As the onslaught of Switch 2 leaks continues, and most especially the very convincing appearance of what are likely to be the new console’s Joy-Cons, a weird sense hit me: I’m a bit disappointed. I love the Switch, I think it’s a wonderful piece of tech, and I would really love to have an upgraded version of it that’s capable of running more powerful games, and perhaps even running its own store software. But at the same time I realize, if that’s what we’re getting, it also feels like a big anticlimax.
One of the things Nintendo has been so reliable for is bizarre innovation. For generations, it’s been utterly impossible to guess what the company might create next, given the complete surprises of, say, a two-screen clamshell touch-screen portable gaming device, or a gesture-led under-TV console that shines best when the whole family is prancing around together. Even the failed Wii U that the Switch replaced was a ludicrous combination of console and a giant handheld screen as a controller. The Switch was just as imaginative, a handheld and dockable console, with detachable controllers, in wild defiance of the tech-first, ever-larger boxes sold by rivals.
Even when Nintendo was creating iterative updates for its most successful products, like the GBA SP follow-up to the Game Boy Advance, or the DSi XL evolution of the original Nintendo DS, it seemed to be doing something else at the same time. Between the DS and the DSi we also got the Wii! The GameCube came out the same year as the Game Boy Advance! But, given the extraordinary scrutiny being put on every patent and parts manufacturer Nintendo is attached to, it seems vanishingly unlikely that there’s some secret second project being hidden behind the noise of the as-yet unnamed second Switch.
And the Switch 2? It’s another Switch. The controllers look likely to slot in magnetically, rather than slide in on those tracks that only match up the third time you try, and the screen is very likely to be bigger, all running on far more powerful chips. But…given it’s backward compatible, given it’s an iteration of the same format with improved tech, I find it hard to think of it as anything more than the equivalent of a souped-up Switch XL.
As I say, I want a Switch XL. If that were announced, independent of anything else, I’d be first to pre-order. I bought the Switch OLED as soon as I could, and I was delighted to have it. A Switch 2, as it so distressingly seems likely to be called, is a thing I want. But, at the same time, it’s not what I want to want. I want to be on the timeline where Nintendo says, “Sure, here’s the Switch 2,” but then pulls back the curtain on what else it’s cooking up. The thing that’s so wild, so peculiar, that even my silliest suggestions feel feasible. It’s a wearable piece of tech that uses holograms, or a bizarre twist on AR where the flagship Mario game uses our house furniture for platforms.
Just making a better Switch is so safe, so ordinary, so utterly un-Nintendo. Can you imagine any other company in the universe having the phenomenal success of the Nintendo Wii, and responding to that not by making a more powerful version of the same, but a two-screen console so complicated to explain that no one understood what it was for? Sure, that was a terrible idea in hindsight, but it was also the sort of thing I expect from Nintendo, and it’s impossible to understate just how equally crazy the pitch for the Switch seemed at the time, following the Wii U.

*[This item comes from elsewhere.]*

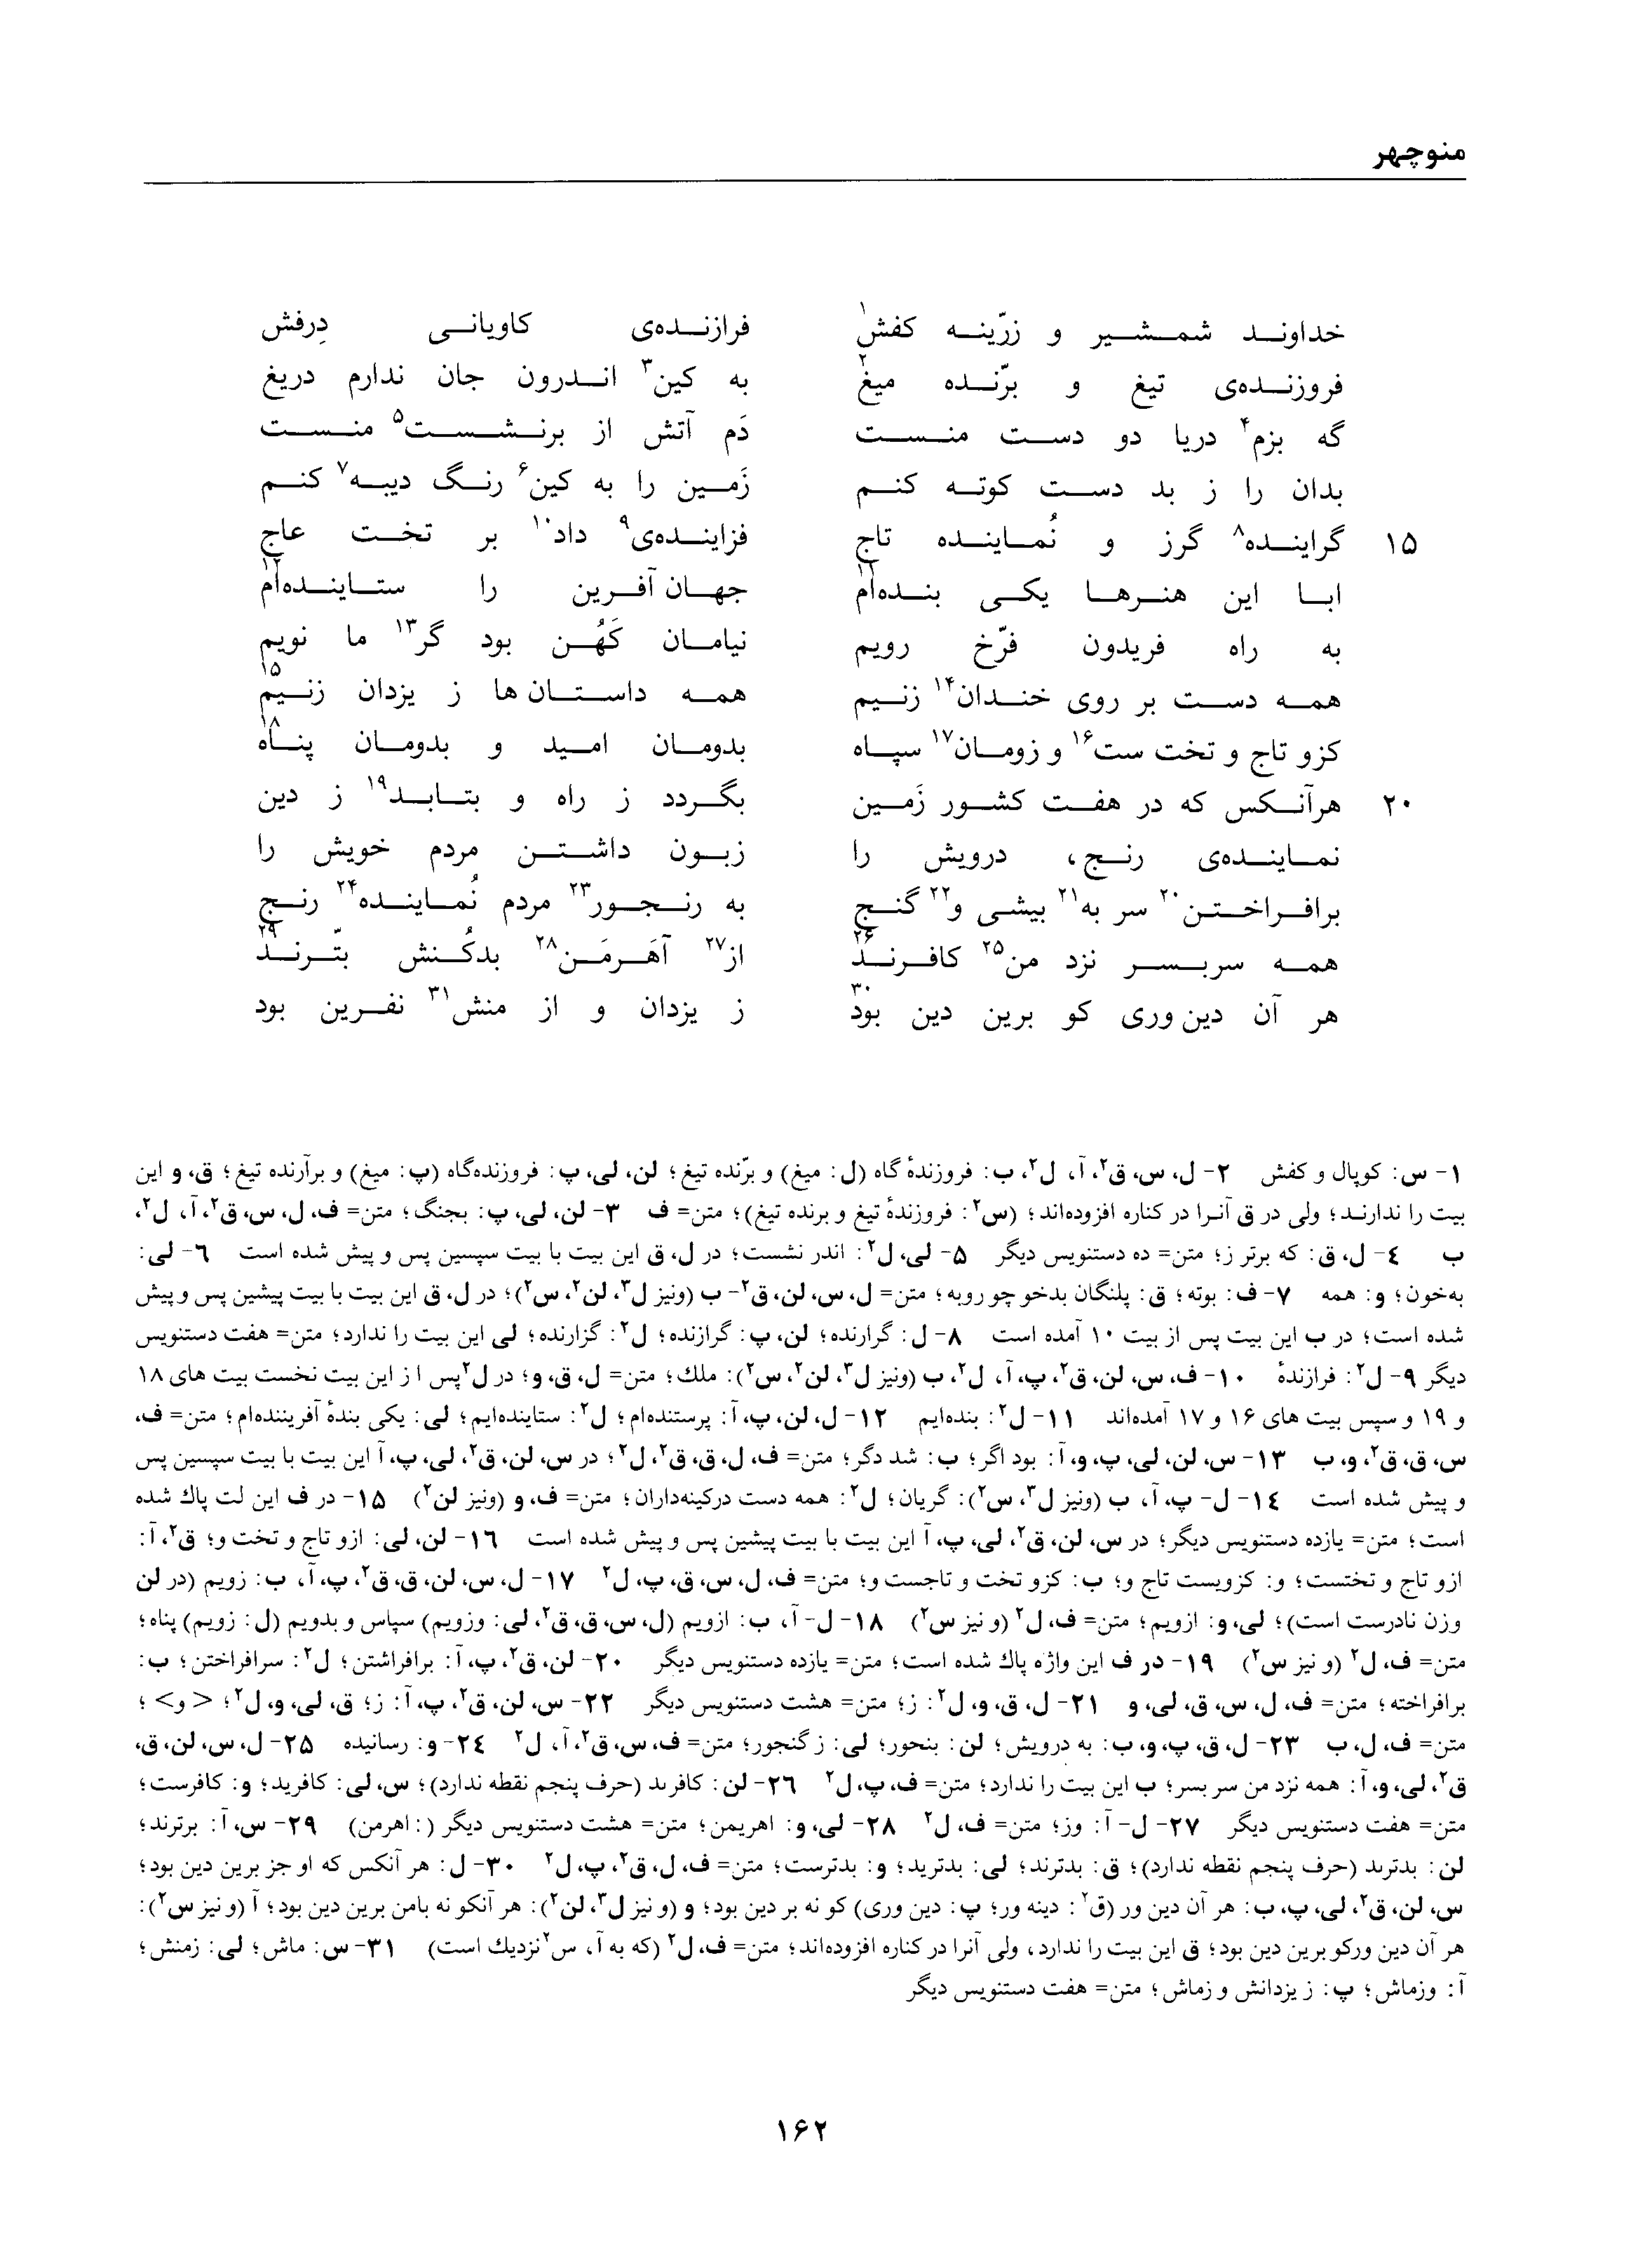 vol. 1, p. 162

I still hold out hope that the Switch 2 will have some surprises. That little lens spotted in the Joy-Cons is something Nintendo will likely use in some really innovative ways, even if other developers never notice it’s there. I often think about one of the most wonderful aspects of the Switch—the all-too underrated Labo. Those cardboard packs, in conjunction with the peculiar controllers, that had you build working pianos, fishing rods for fishing games, and even a remote-controlled bug creature. It used the Joy-Con’s haptics to move around, and the infrared sensor as a tiny camera! That was bloody incredible! That was astoundingly imaginative, and I have high hopes that Nintendo has similarly inventive plans for using the new Joy-Cons’ tech. I like to imagine they’ll have pushed it all a little harder to third-party developers this time, so we can see some of the wonderful madness that appeared in the first few months of the Nintendo DS.
But, you know, I’m still a bit sad. It could have been something bonkers! It could have been something capable of running Switch games like the 3DS could run DS games. But if all the rumors and leaks are true, there’s no entire new plane of gaming existence being added here, just a Switch that can run prettier games. I’m buying one, for sure. But I will still lament a little the brand new Nintendo console innovation it doesn’t look likely to be.